Politik: Baumarkt schlägt Hightech

Der Ukraine-Krieg zeigt: Entscheidend ist nicht die modernste Ausrüstung, sondern die Fähigkeit, sich schnell an neue Bedingungen anzupassen.

Ukrainische Soldaten steuern Drohnen

Wenn wir über die Zukunft der Kriegsführung nachdenken, ist es verlockend, sich eine Welt vorzustellen, die von fortschrittlichen Technologien beherrscht wird: von KI-gesteuerten Drohnen, Hyperschallraketen und Satelliten, die jede Bewegung koordinieren. Doch der Krieg in der Ukraine hat gezeigt, dass sich mit Hightech-Fähigkeiten allein keine Kriege gewinnen lassen. Der Sieg hängt auch von Lowtech-Lösungen ab – und davon, dass man beide schnell und kostengünstig integriert.

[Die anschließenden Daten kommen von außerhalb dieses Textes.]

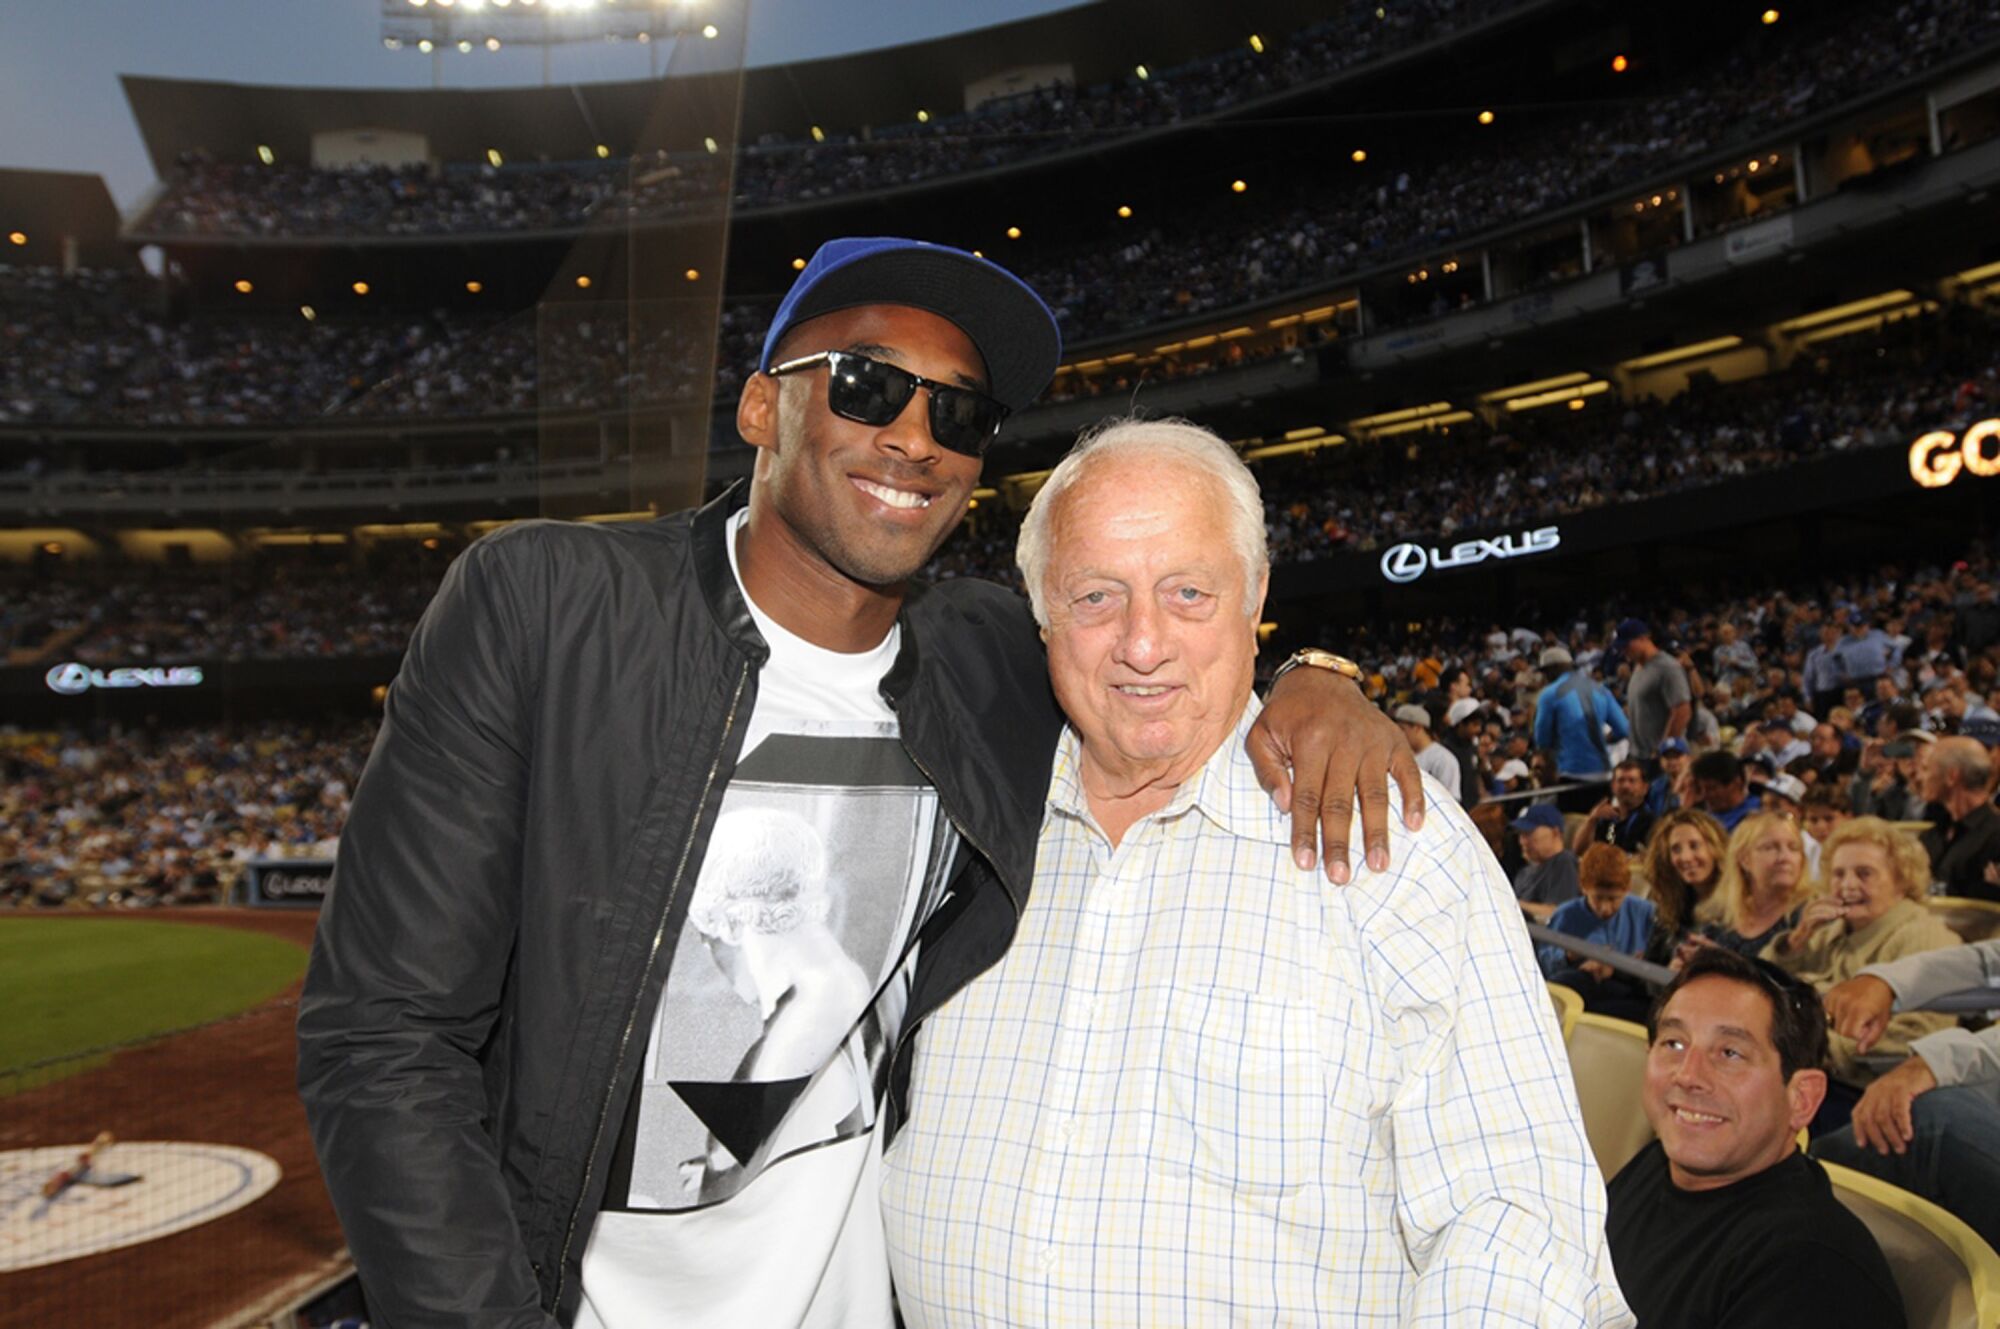 In 2013, Lakers star Kobe Bryant, left, joins Tommy Lasorda at a game between the Dodgers and the New York Yankees
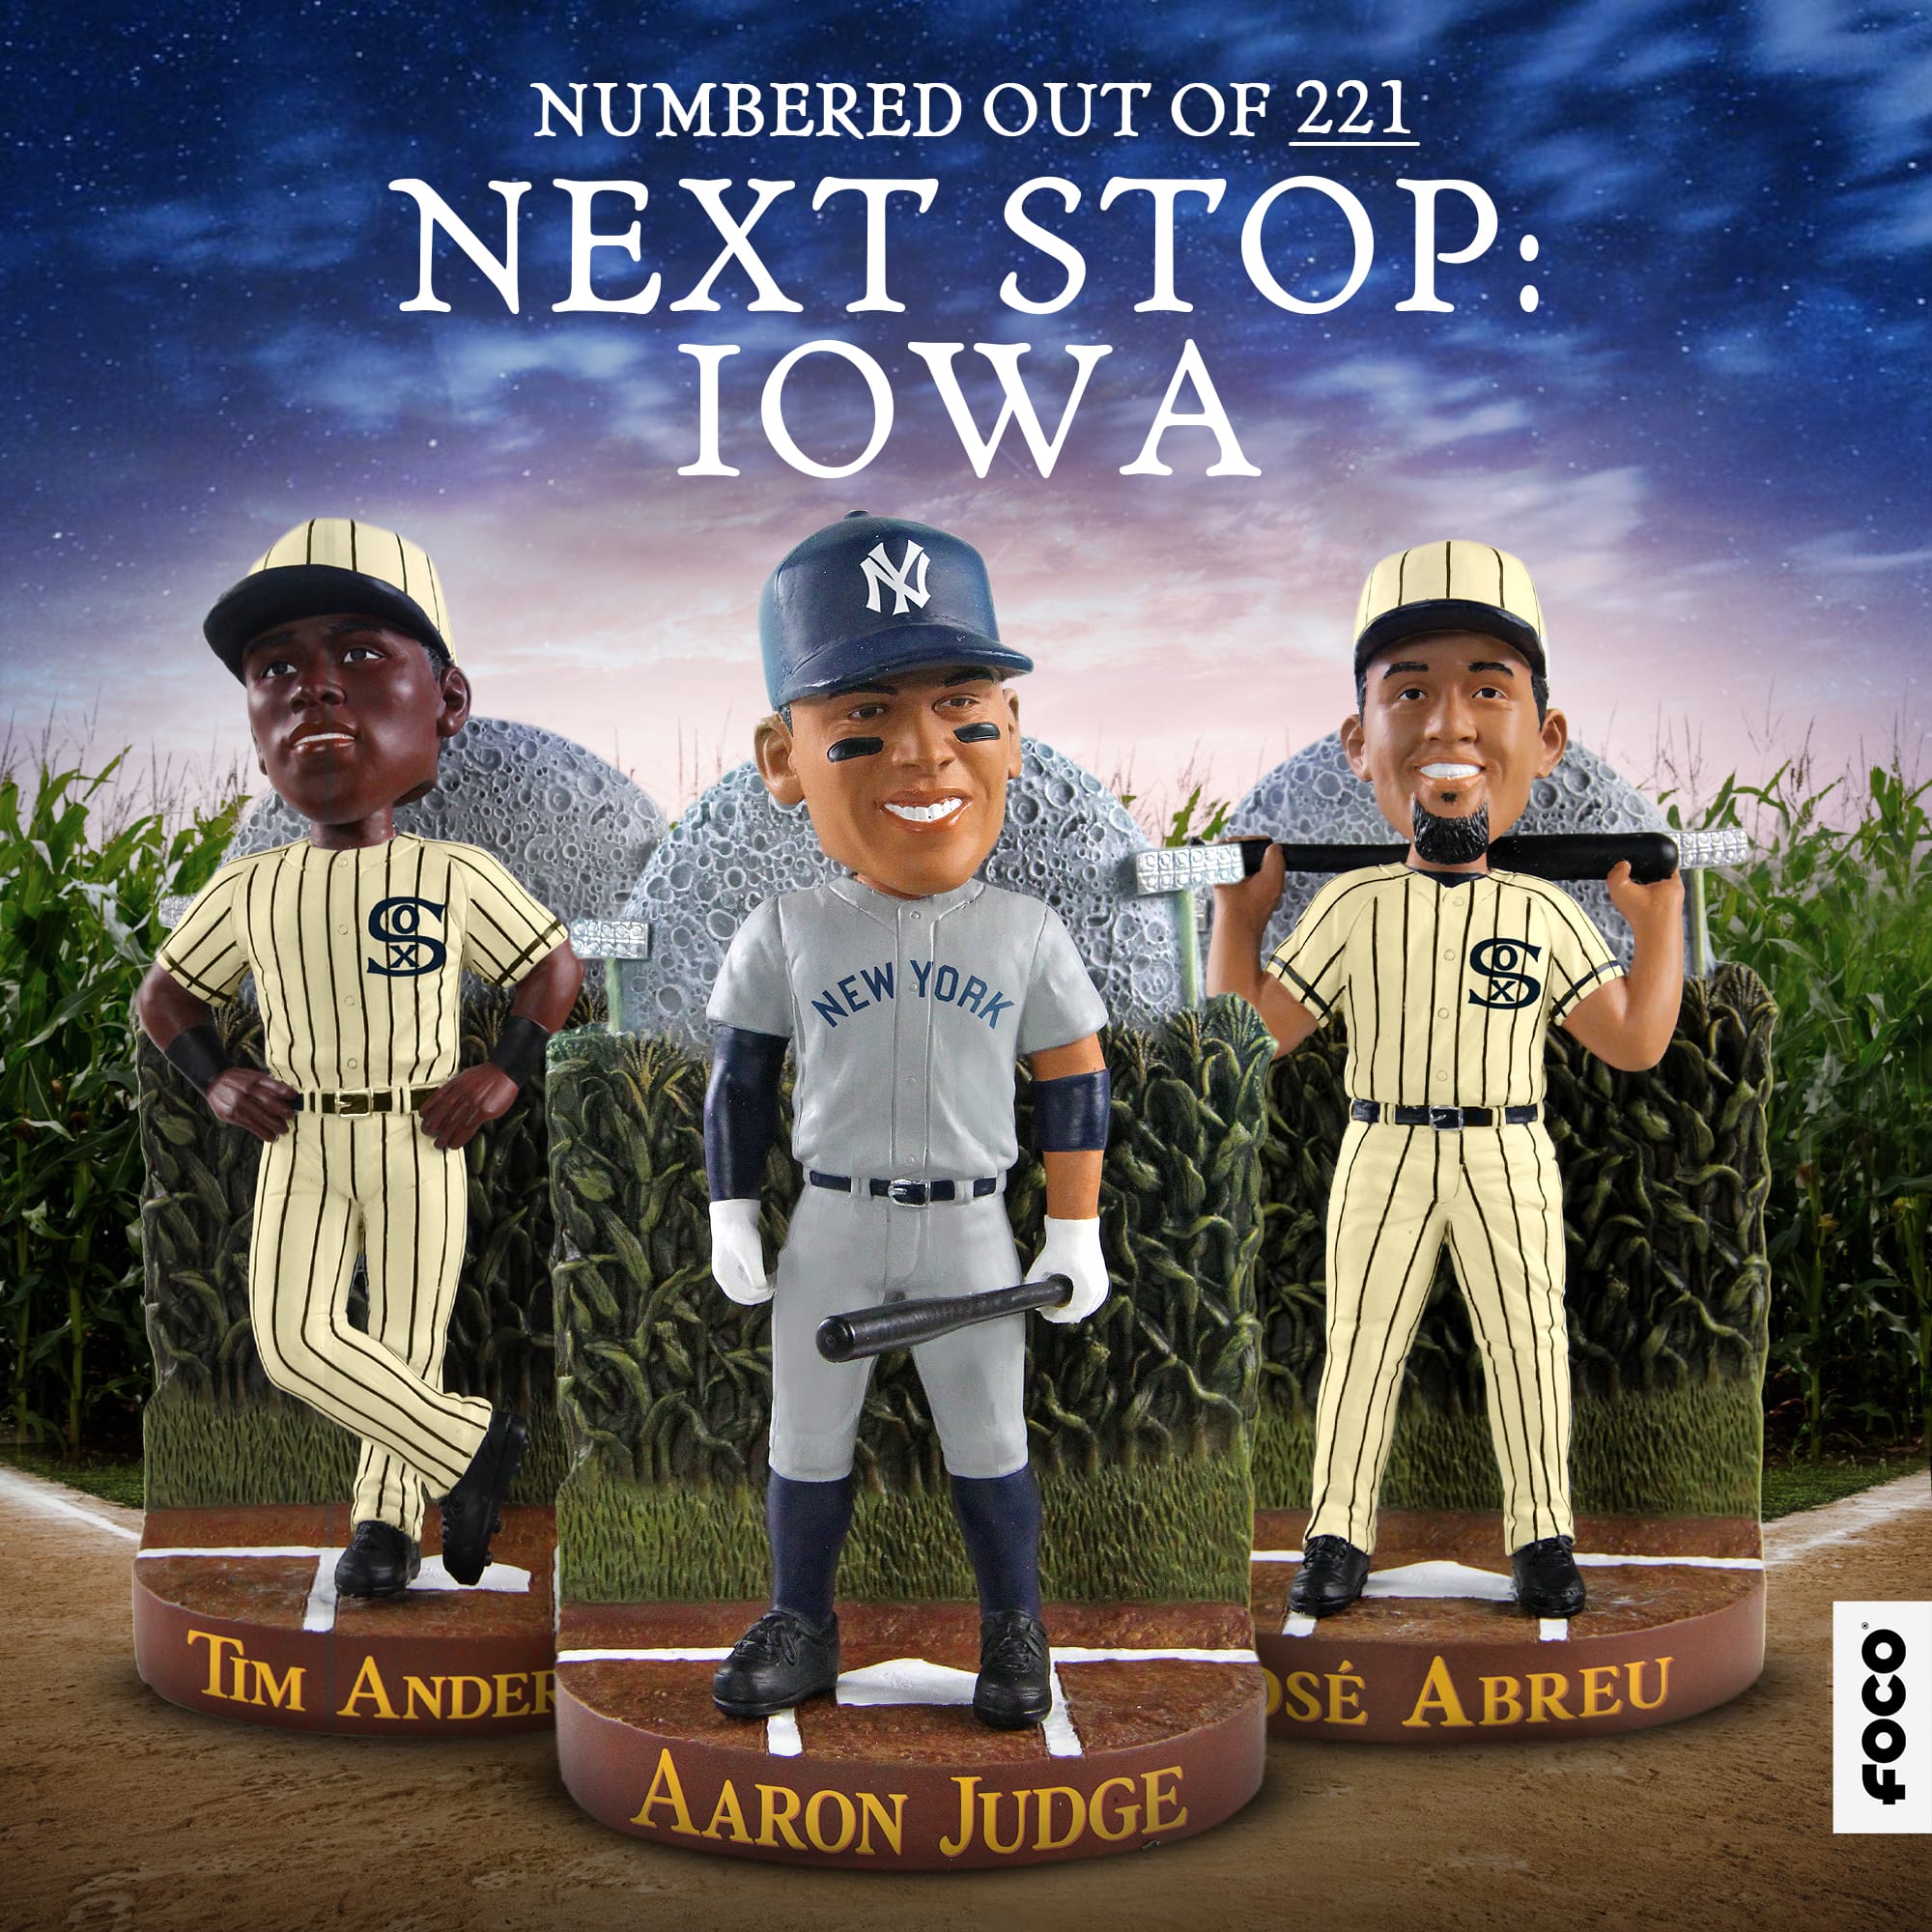 Chicago White Sox fans need these Field of Dreams bobbleheads

Die westlichen Mächte sind lange Zeit davon ausgegangen, dass ihr technologischer Vorsprung den Sieg in jedem künftigen Konflikt garantieren werde. Die Argumentation ist einfach: Wer intelligentere, schnellere und präzisere Waffen hat, gewinnt. Doch der Ukraine-Krieg hat die Grenzen dieses Denkens aufgezeigt. Hightech-Systeme können zwar verheerend wirksam sein, bieten aber oft nur einen vorübergehenden strategischen Vorteil. „Dumme“ Technik – einfach, billig und weithin verfügbar – ist genauso wichtig.

Drohnen sind ein Paradebeispiel dafür. Cruise Missiles mögen technologische Wunderwerke sein, aber in der Ukraine machen Schwärme von preiswerten kommerziellen Drohnen Schlagzeilen. Dies zeigte sich diesen Monat bei der „Operation Spinnennetz“, bei der die Ukraine technisch simple FVP-Drohnen einsetzte, um russische Flugzeuge im Milliardenwert zu zerstören.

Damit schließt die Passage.